Ich habe deinen Code exakt so kopiert und bei mir die Methode eingefügt, diese habe ich dann aus der paint() aufgerufen und es tut sich immernoch nichts in meinem Programm... woran kann es noch liegen?


----------



## Hansdampf (10. Mai 2005)

siehe oben "edit"


----------



## Bruegge (10. Mai 2005)

Hab das versucht, ging aber nicht.. darauf hin hab ich nochmal das internet durchsucht und gesehen , dass andere es mit "c:/bg.gif" machen ... das funktioniert nun!  :roll: Außerdem musste das "setIgnoreRepaint(true);" weg... ich weiß auch nicht wieso ich das dahin gemacht habe! 

Naja, jetzt läuft es jedenfalls!!  Danke an alle!!!


----------



## Guest (18. Mai 2005)

falls es dich interessiert: der "\" ist in java reserviert für spezialzeichen willst du z.b. " ausgeben, musst du 
System.out.println(" \" "); schreiben. nach dem Backslash \ kommt ein spezialzeichen das normalerweise ein steuerzeichen ist

eigentlich müsste der pfad mit c:\\bg.gif auch gehen, weil \\ für \ steht. aber wie du ja schon gemacht hast kann man überall auch einfach / schreiben.

ein kleiner tipp noch zum zeichnen: verwende double-buffering! wenn du ganz normal mit graphics zeichnest, wirst du wie ich bald merken dass alles flimmert, weil java das komisch realisiert.

such im goole einfach nach double buffering, müsstest was finden was dir hilft. zur paint-funktion kommt noch die update fkt und 2 variable hinzu, dann kannst du auch große bilder flimmer-frei zeichnen!!


----------



## Illuvatar (19. Mai 2005)

Inwiefern realisiert Java das komisch? Bei jedem paint wird halt immer erstmal alles überzeichnet damit keine Fragment bleiben. U.U. flackert das halt, aber das kann man duch double Biffering oder entfernen des überzeichnen-schrittes verhindern. Aber wie sollte das sonst gehen bzw. wie macht das C++? Double Buffered das automatisch (wie Swing) ?


----------



## Reality (19. Mai 2005)

Double Buffering ist auch nicht das Wahre! 

1. Entsteht dadurch der Tearing-Effekt
2. Können je nach Auflösung und Bit-Tiefe hohe Daten-Mengen bei der Kopiererei entstehen => Langsam!

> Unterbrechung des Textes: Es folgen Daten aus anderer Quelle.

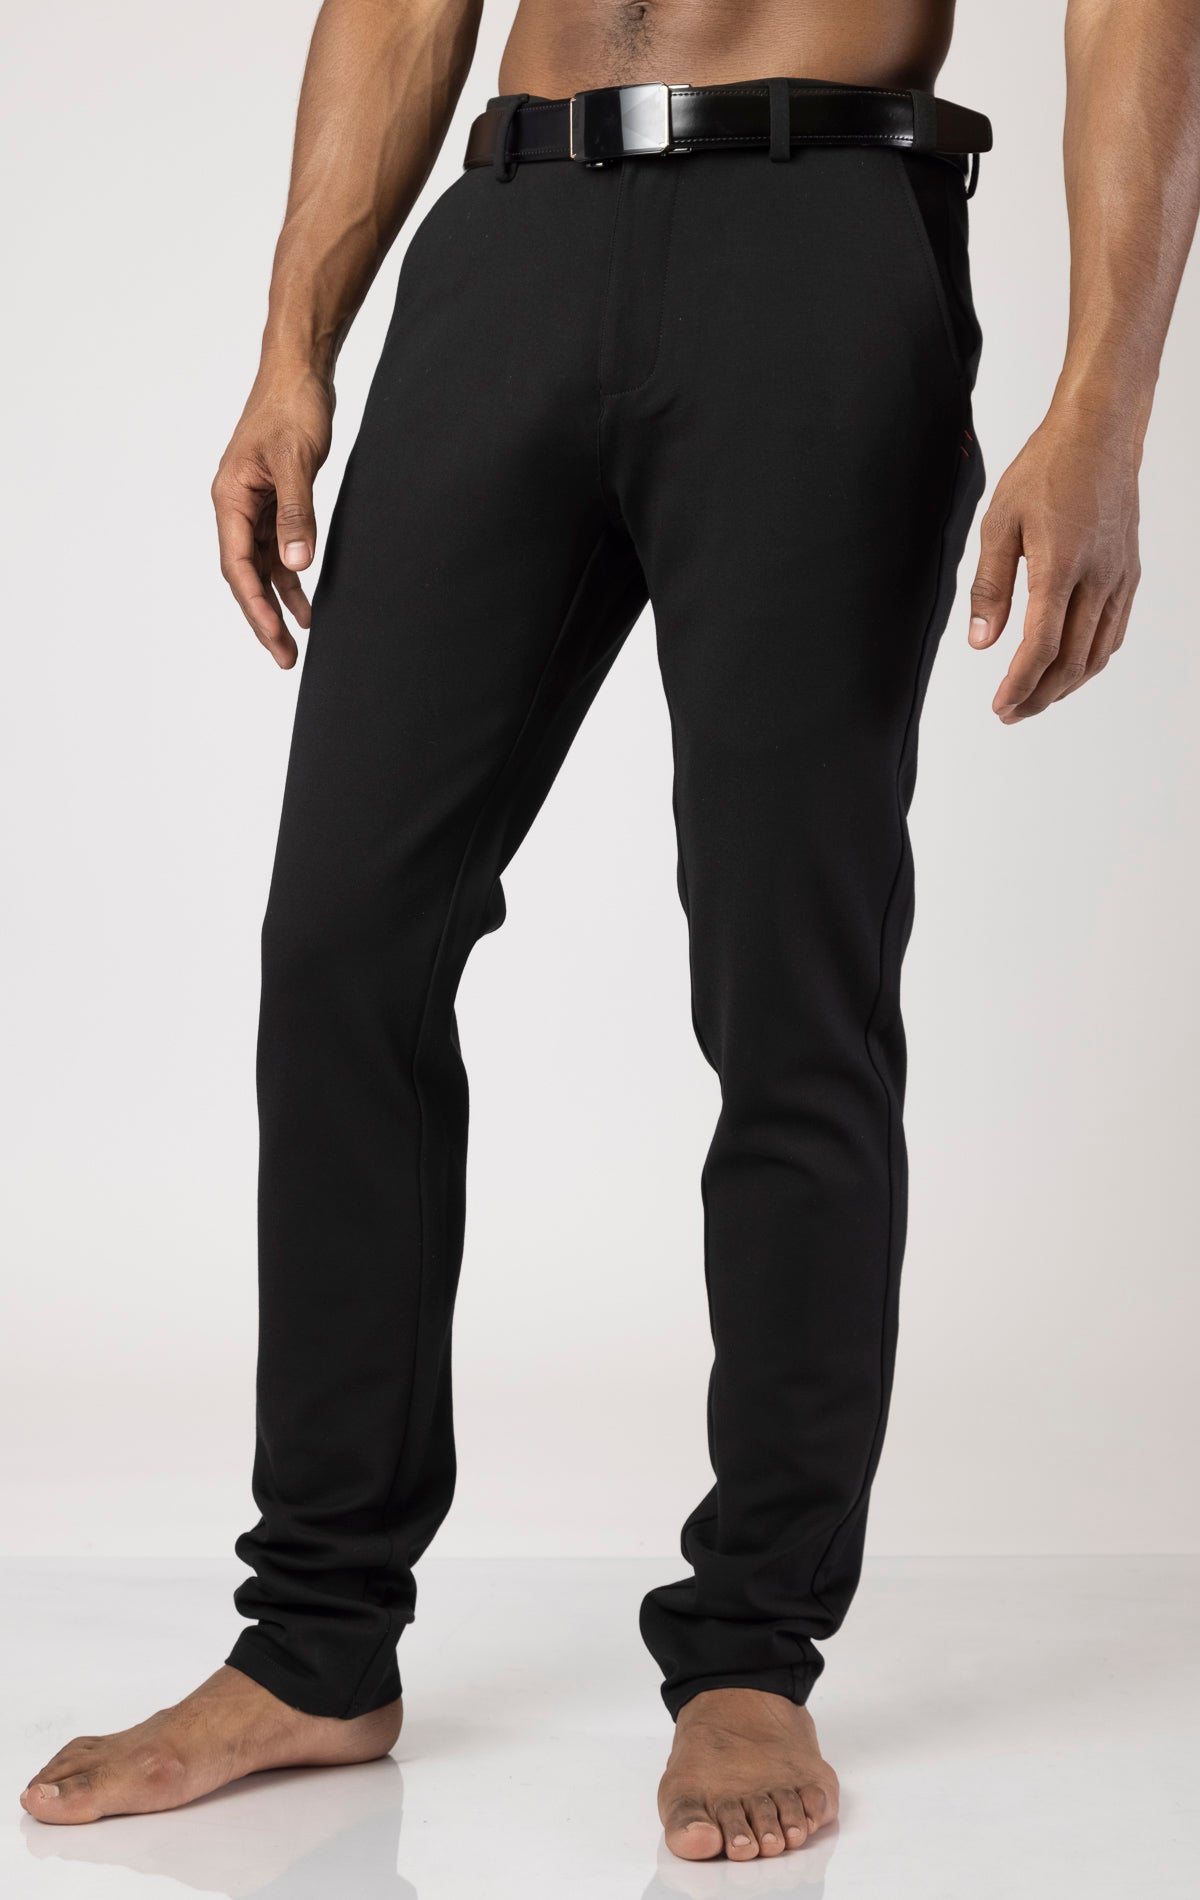 Beretta Pants, Men's slim fit pants with slanted pockets, made from high-quality cotton fabric for comfort and freedom of movement. 'ON THE MOVE' pants, 34-inch length

Besser ist BufferStragety das Page Flipping einsetzt, sofern das die Grafikkarte mit macht; ansonsten benutzt es Double Buffering.

Liebe Grüße
Reality


----------



## Guest (19. Mai 2005)

BufferStrategy? erklär mal


----------



## Reality (19. Mai 2005)

http://java.sun.com/docs/books/tutorial/extra/fullscreen/bufferstrategy.html
http://java.sun.com/j2se/1.4.2/docs/api/java/awt/image/BufferStrategy.html
http://java.sun.com/docs/books/tutorial/extra/fullscreen/doublebuf.html


----------